Given material Block Start

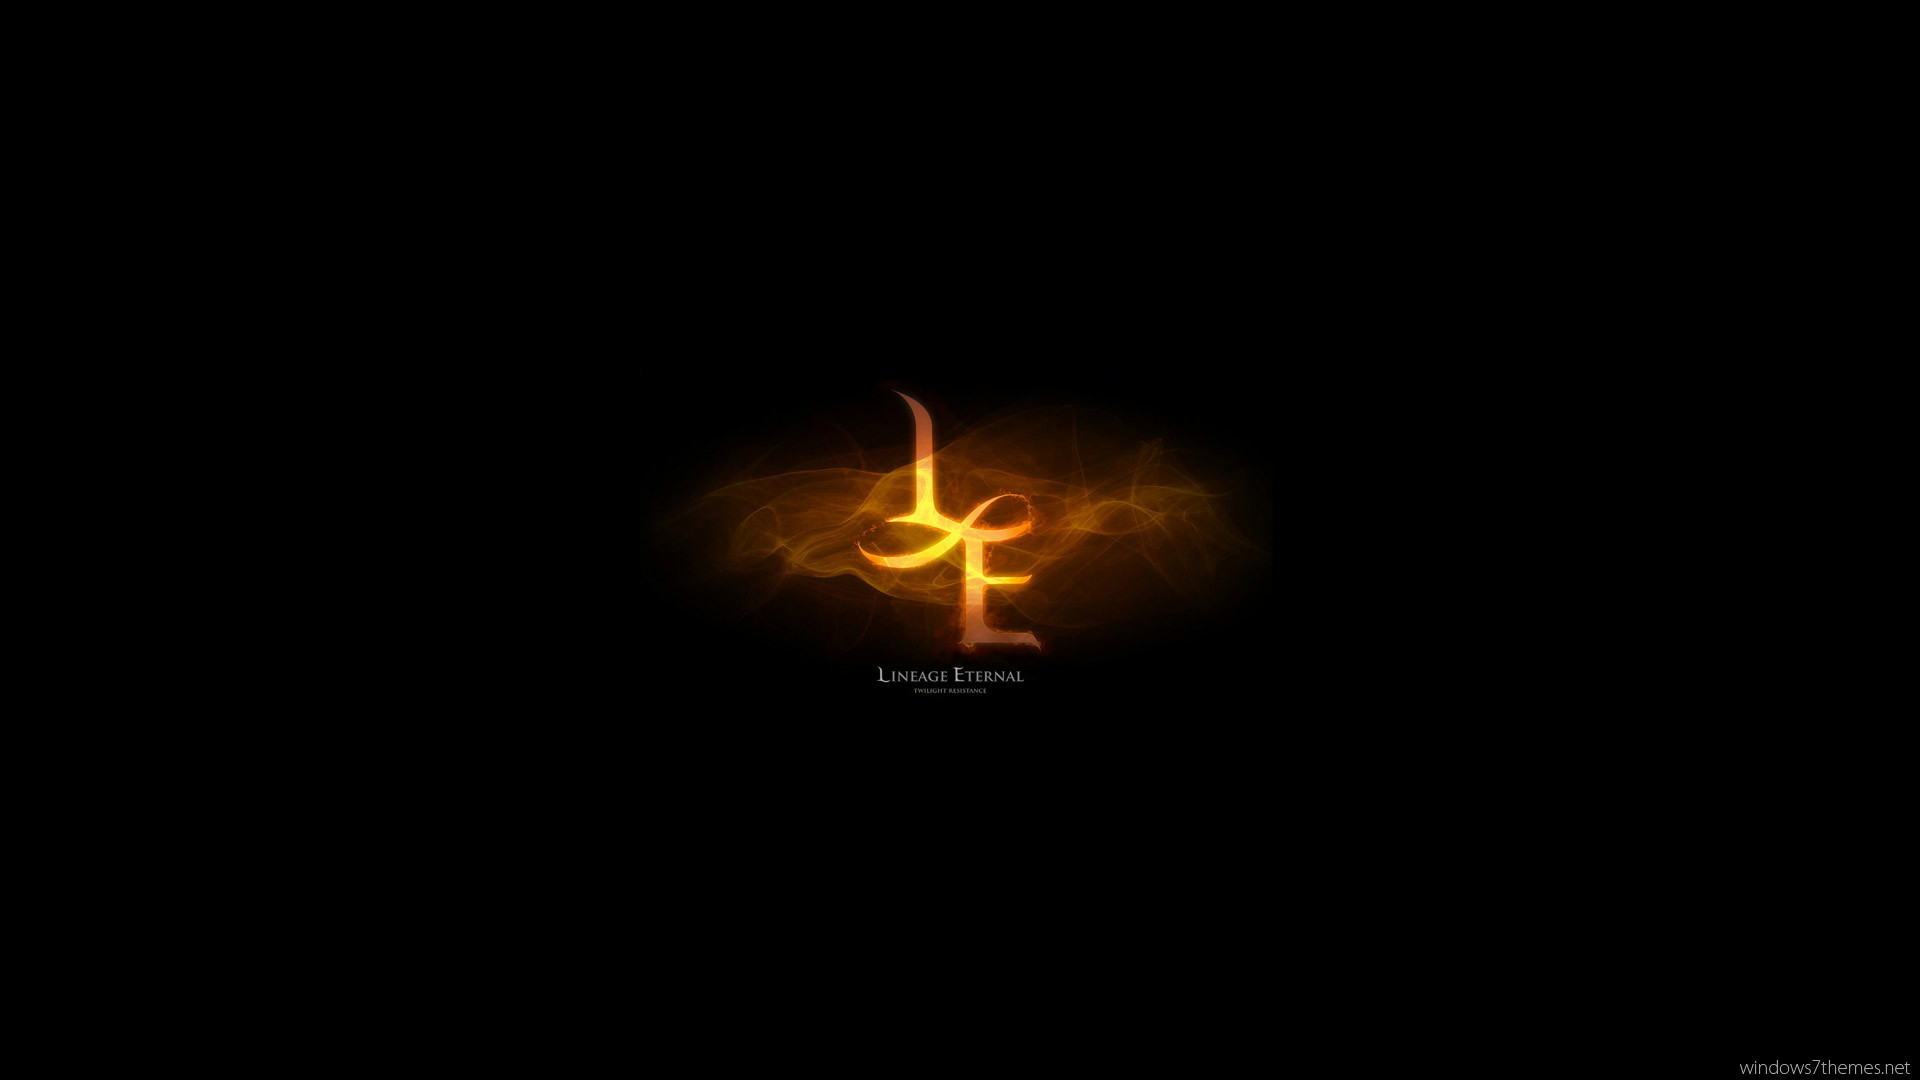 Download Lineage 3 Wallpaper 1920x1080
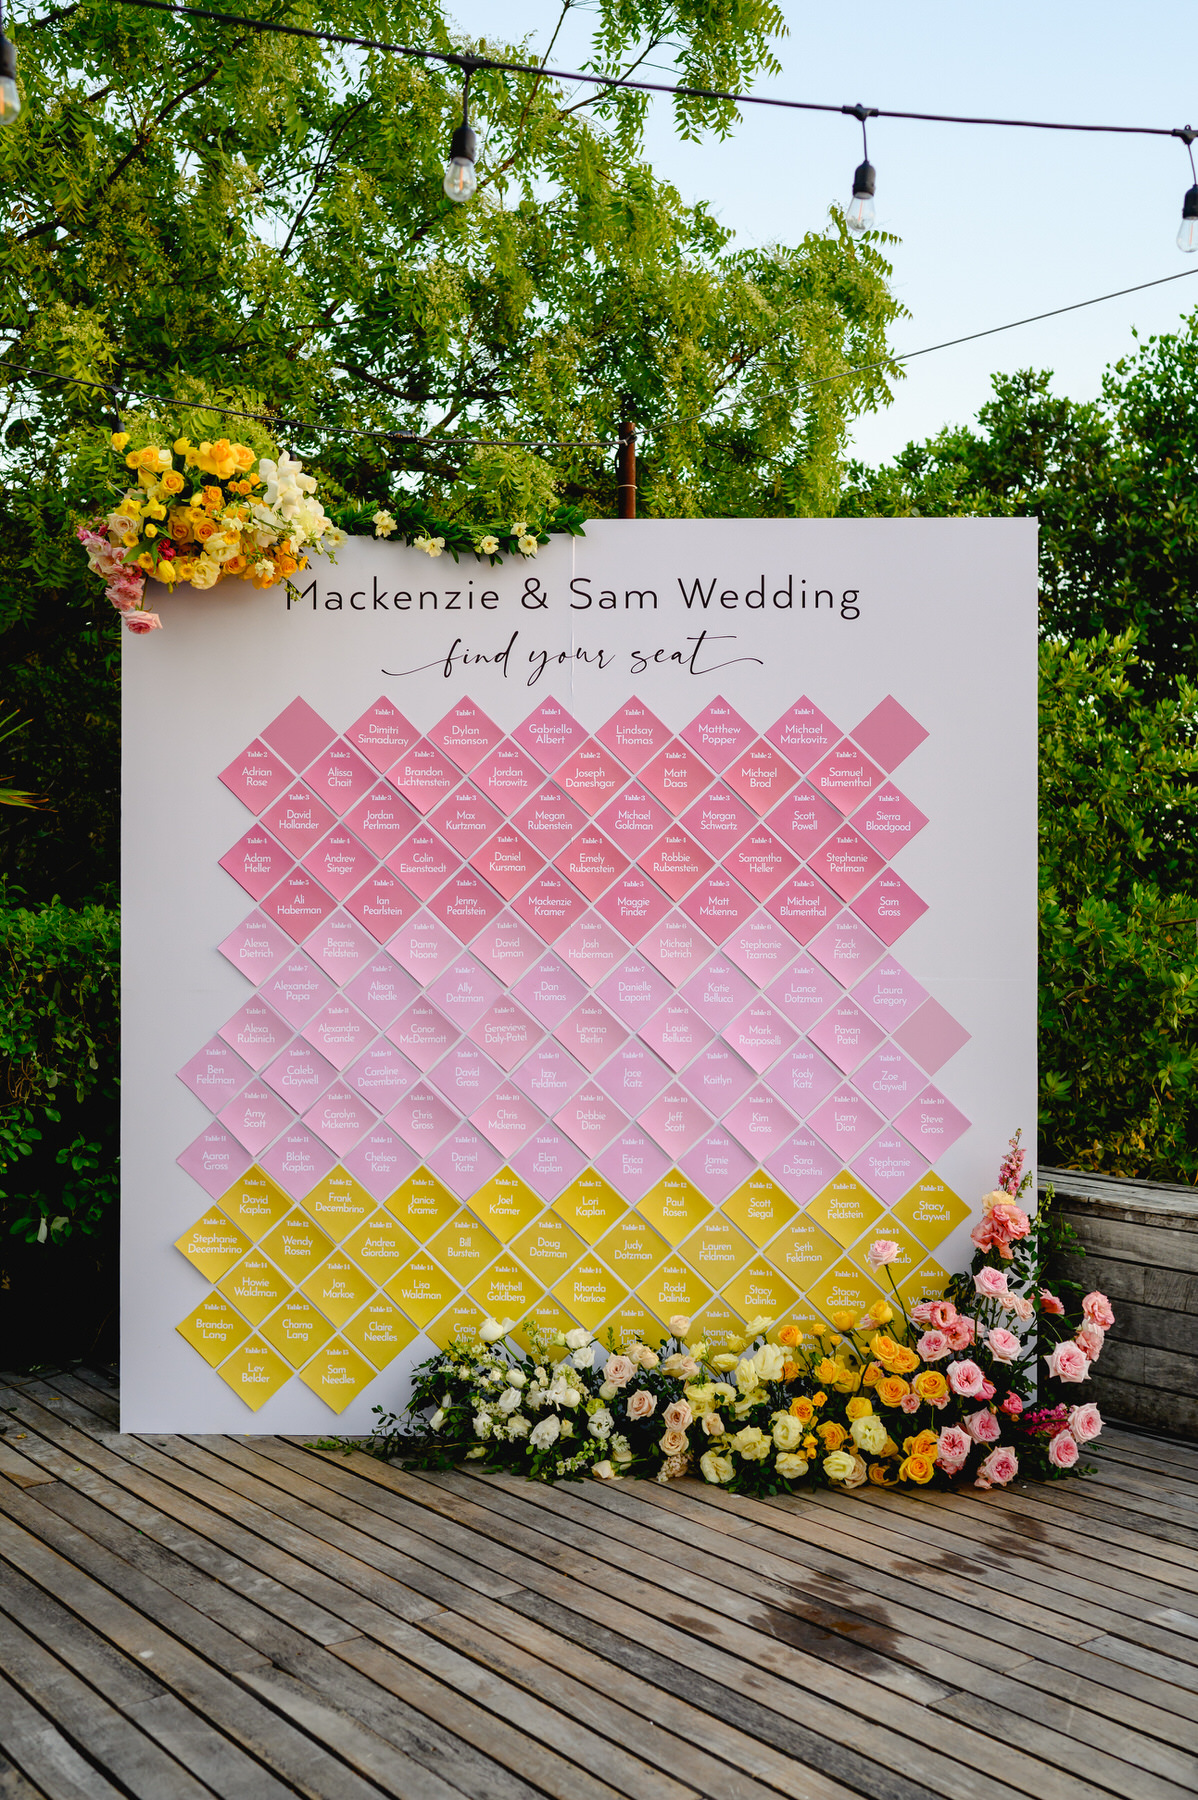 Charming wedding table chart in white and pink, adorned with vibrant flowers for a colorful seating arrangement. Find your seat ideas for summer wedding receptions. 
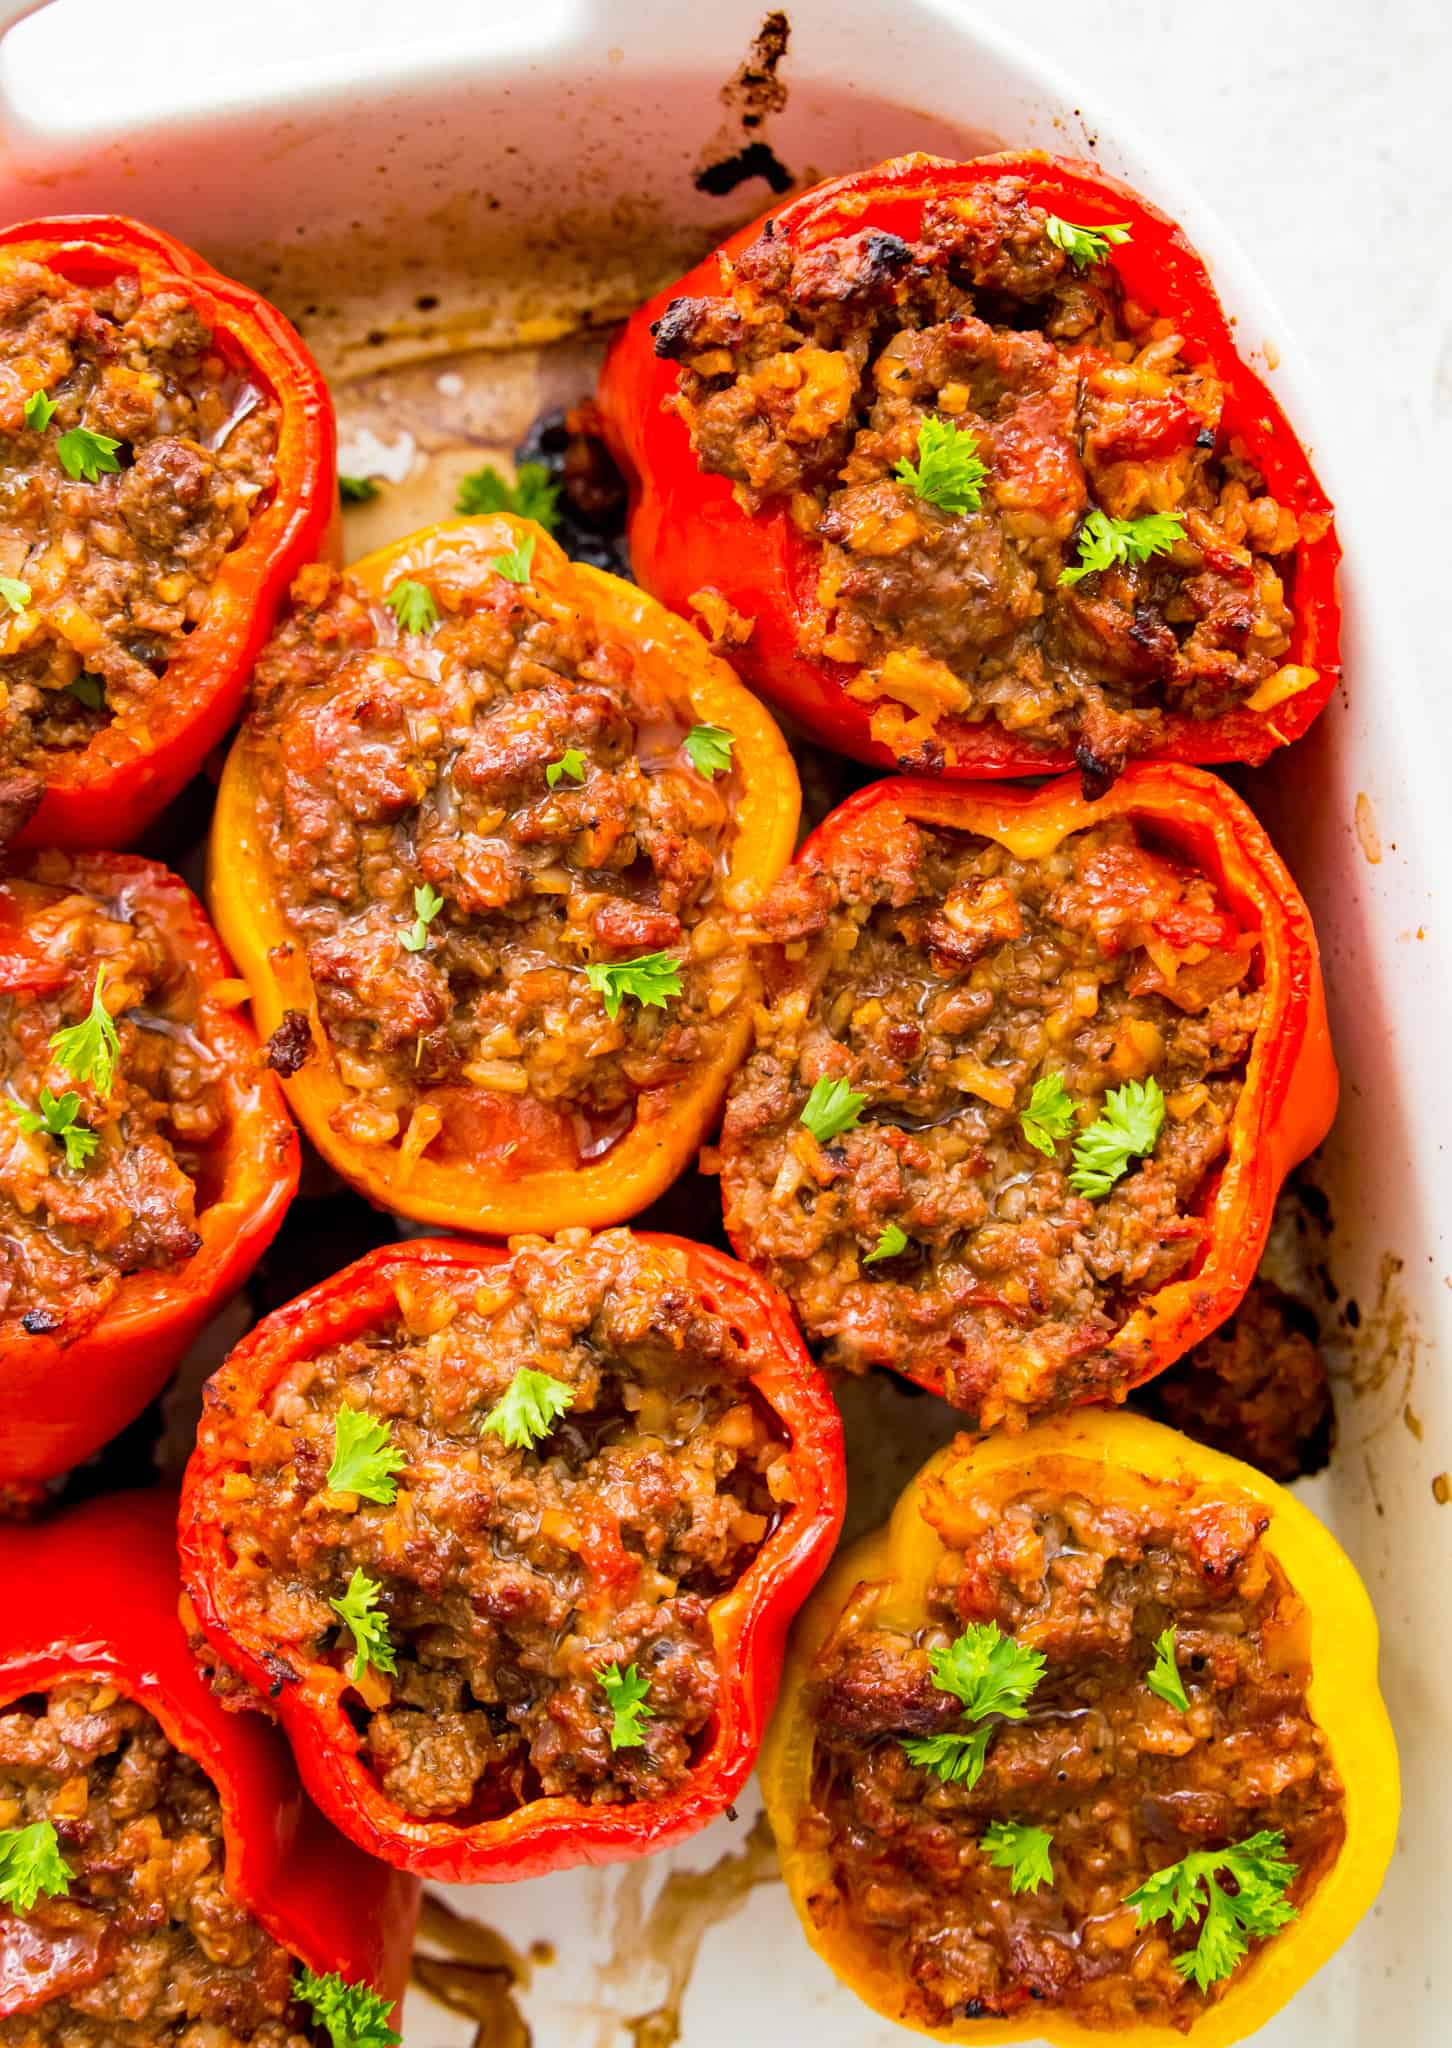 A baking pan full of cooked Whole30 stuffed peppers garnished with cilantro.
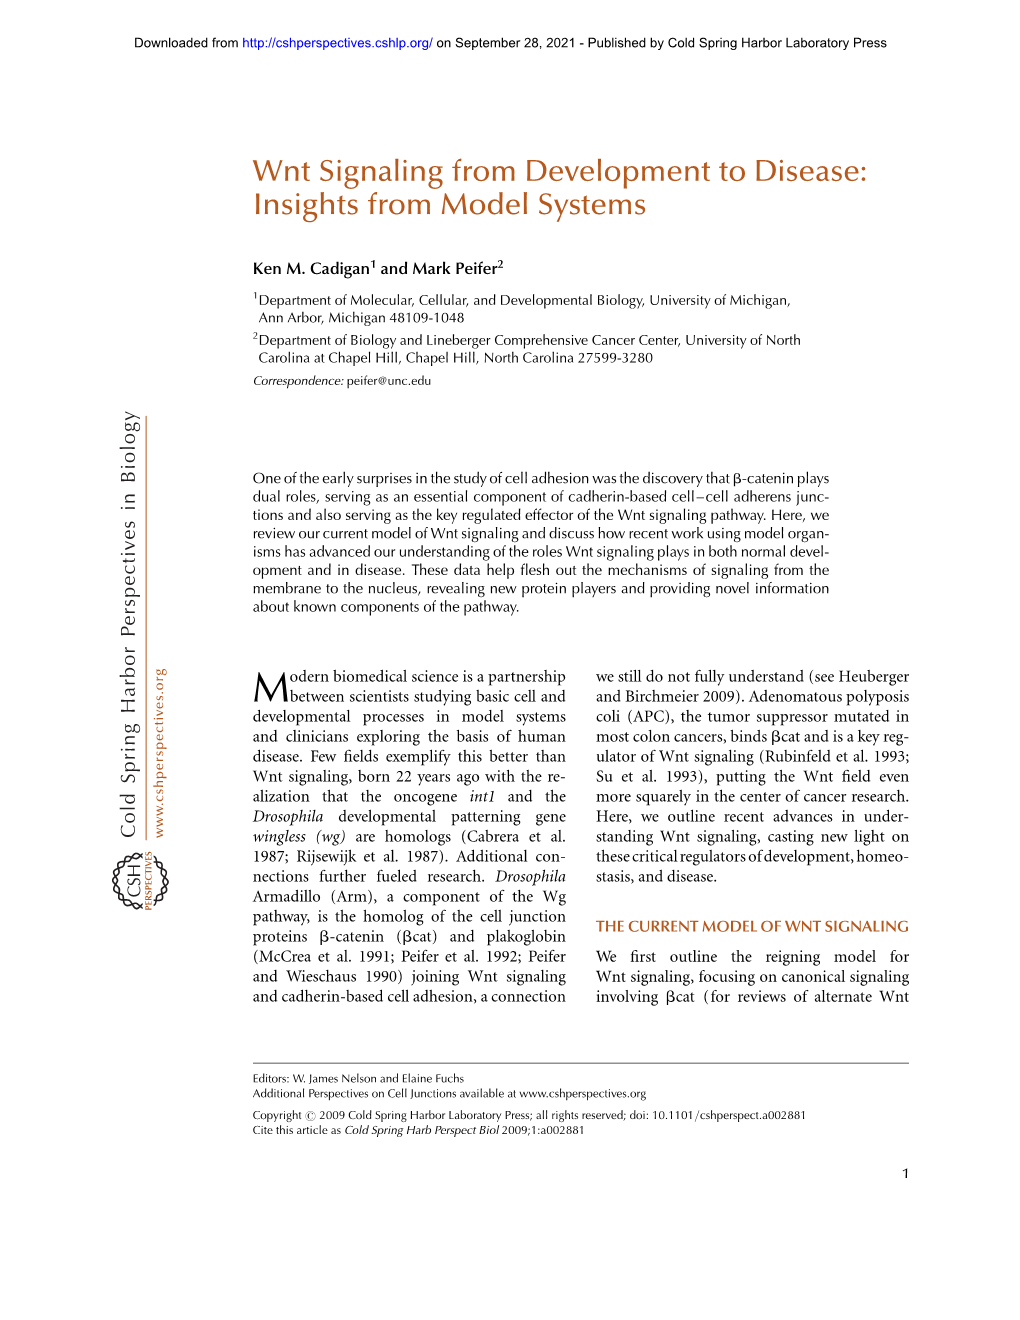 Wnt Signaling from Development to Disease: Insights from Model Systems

Given material Block End

### What to do
The data must come back word for word, with every picture removed.

### The completed task
 Download Lineage 3 Wallpaper 1920x1080
 Charming wedding table chart in white and pink, adorned with vibrant flowers for a colorful seating arrangement. Find your seat ideas for summer wedding receptions. 
 A baking pan full of cooked Whole30 stuffed peppers garnished with cilantro.
 Wnt Signaling from Development to Disease: Insights from Model Systems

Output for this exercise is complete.